Correctly Left Alone (low task value, low user surplus). AI adds little and no one has a reason to reach for it. This is not failure. It is judgement. Naming this quadrant stops teams forcing AI into corners where neither axis justifies the effort.
| Low user surplus | High user surplus | |
|---|---|---|
| High task value | The Willingness Gap (useful, unused) | Compounding Adoption (adoption sticks) |
| Low task value | Correctly Left Alone (leave it) | AI Theatre (activity, little return) |
How to measure it
Score each task on both axes from evidence, not enthusiasm. A simple 1 to 5 score is enough at first, provided the two scores stay separate.
- Task value: measure cycle time, quality, error rate, risk reduction, decision speed, cost, revenue, conversion, or quality of judgement.
- User surplus: measure voluntary repeat use, return without prompting, time to first successful use, reuse of prompts or templates, workaround rate, qualitative friction, and whether users would miss the tool.
- Adoption: measure repeated behaviour on a specific task, plus the outcome that behaviour changes. Licences, logins, and training attendance are weak signals unless they connect to changed work.
User surplus can be positive, neutral, or negative. Positive surplus means the person would choose the tool again because it saves effort, improves judgement, reduces risk, gives them more control, or helps them produce a result they can stand behind. Negative surplus means the tool may help the organisation while making the individual slower, more exposed, or less trusted.
Why it matters
The external evidence rhymes with this. MIT NANDA's 2025 GenAI Divide report found that only a small share of enterprise AI efforts were translating into measurable business impact, despite widespread experimentation. Goldman Sachs chief economist Jan Hatzius made a parallel macro point in February 2026: AI investment had contributed far less to 2025 US GDP growth than the market story implied.
The diagnosis is not that AI does not work. It is that adoption is not transformation. A tool can be technically capable, visibly deployed, and widely discussed without changing the repeated behaviour that moves an operating metric.

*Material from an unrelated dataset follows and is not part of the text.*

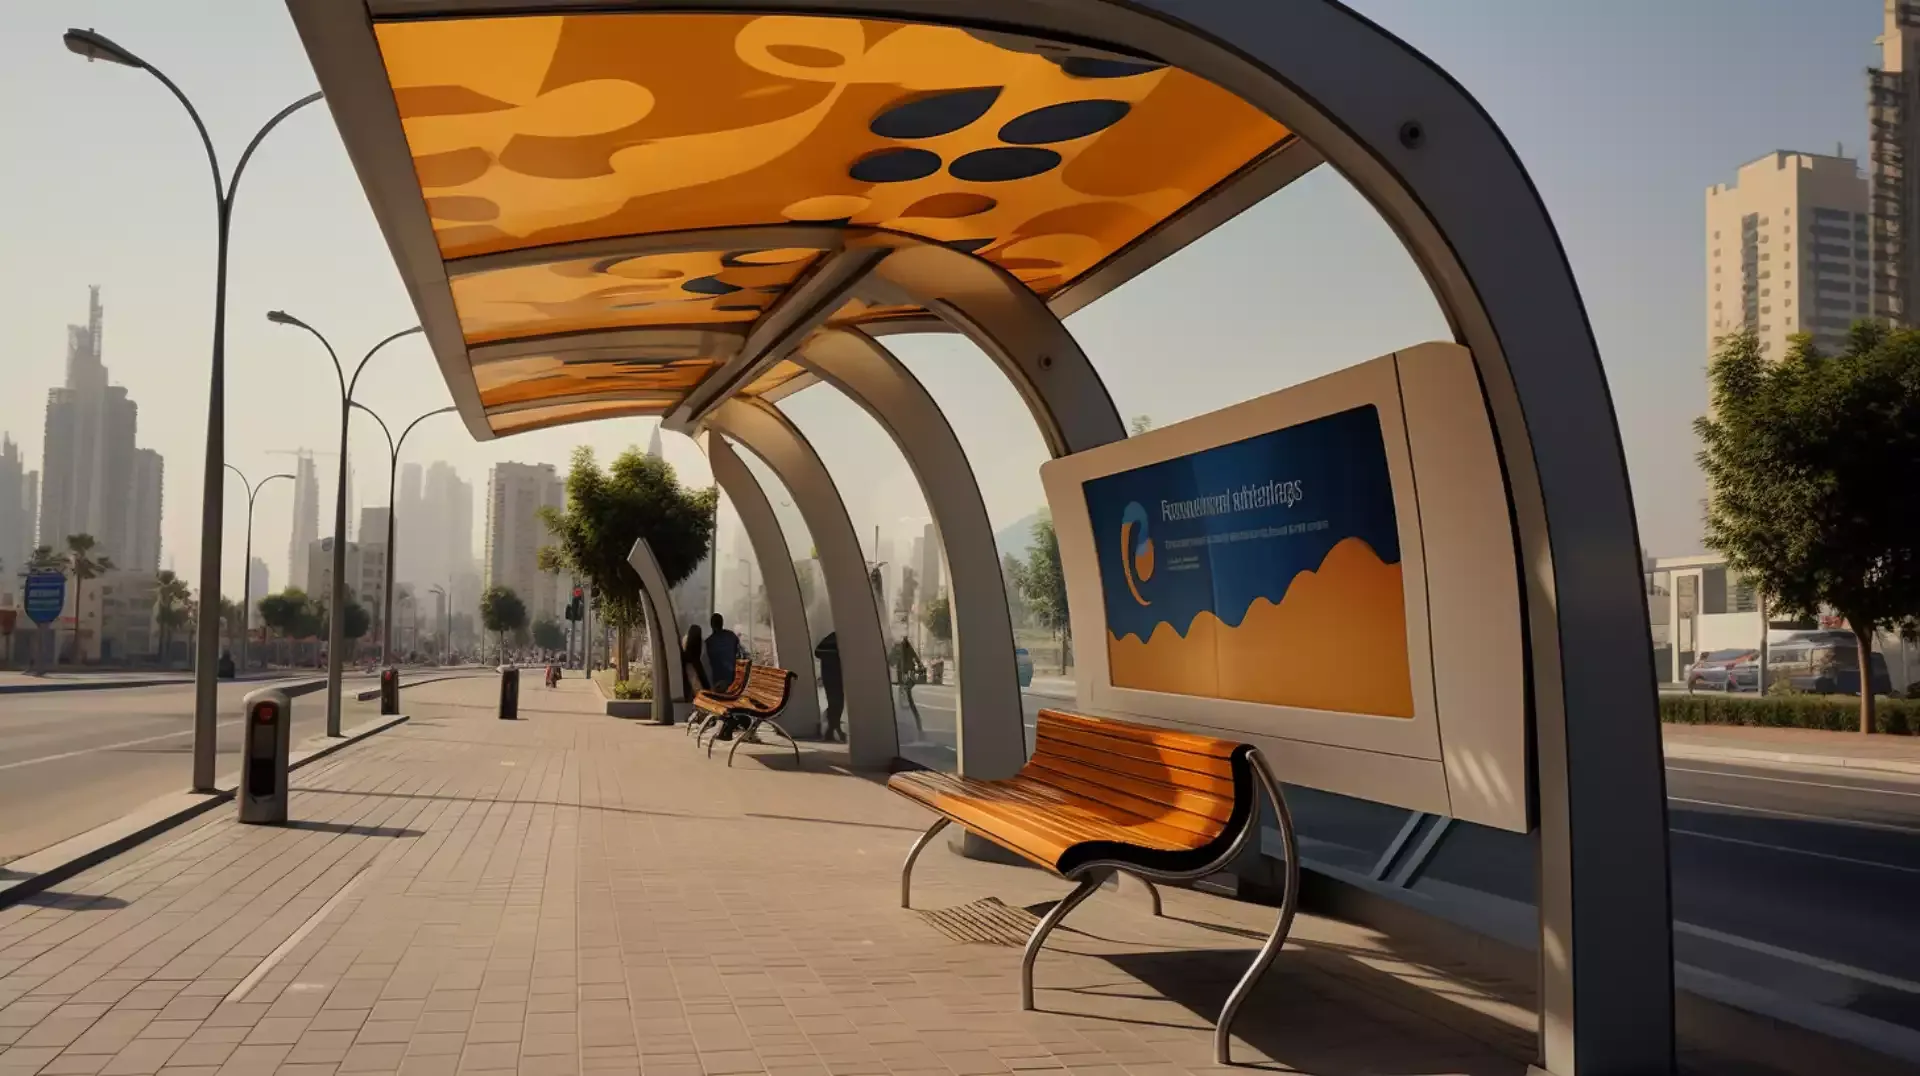 Accessible Transit: Public Transport in Silicon Oasis

The Willingness Gap explains why. Spending has gone into the task-value axis. Rollout decks have assumed the user-surplus axis. The return only shows up when both are true in the same task.
The key insight
Most failed AI adoption ignores the user-surplus axis. Leaders map where AI adds value, then assume value alone drives use. It does not.
Adoption only sticks where the tool's value to the task and the individual's reason to use it both run high. The commonest failure is the mismatch: high task value paired with low user surplus, a tool that is useful to the organisation and a bad exchange for the person, sitting idle while everyone wonders where the return went.
You close the Willingness Gap by measuring what people can actually do with AI, not what management declares they should be doing with it. That is the move: demonstration over declaration. Watch the task, not the memo. The organisations that get a return will stop counting licences and start counting the moments where the tool changed how the work got done, then design the workflow so those moments have a reason to repeat.
The question worth sitting with is not "where could AI help us?" You already know the answer to that one. It is "where does the person doing the work capture enough surplus to pick it up again?" Answer that honestly, and most of your adoption problem was never a technology problem at all.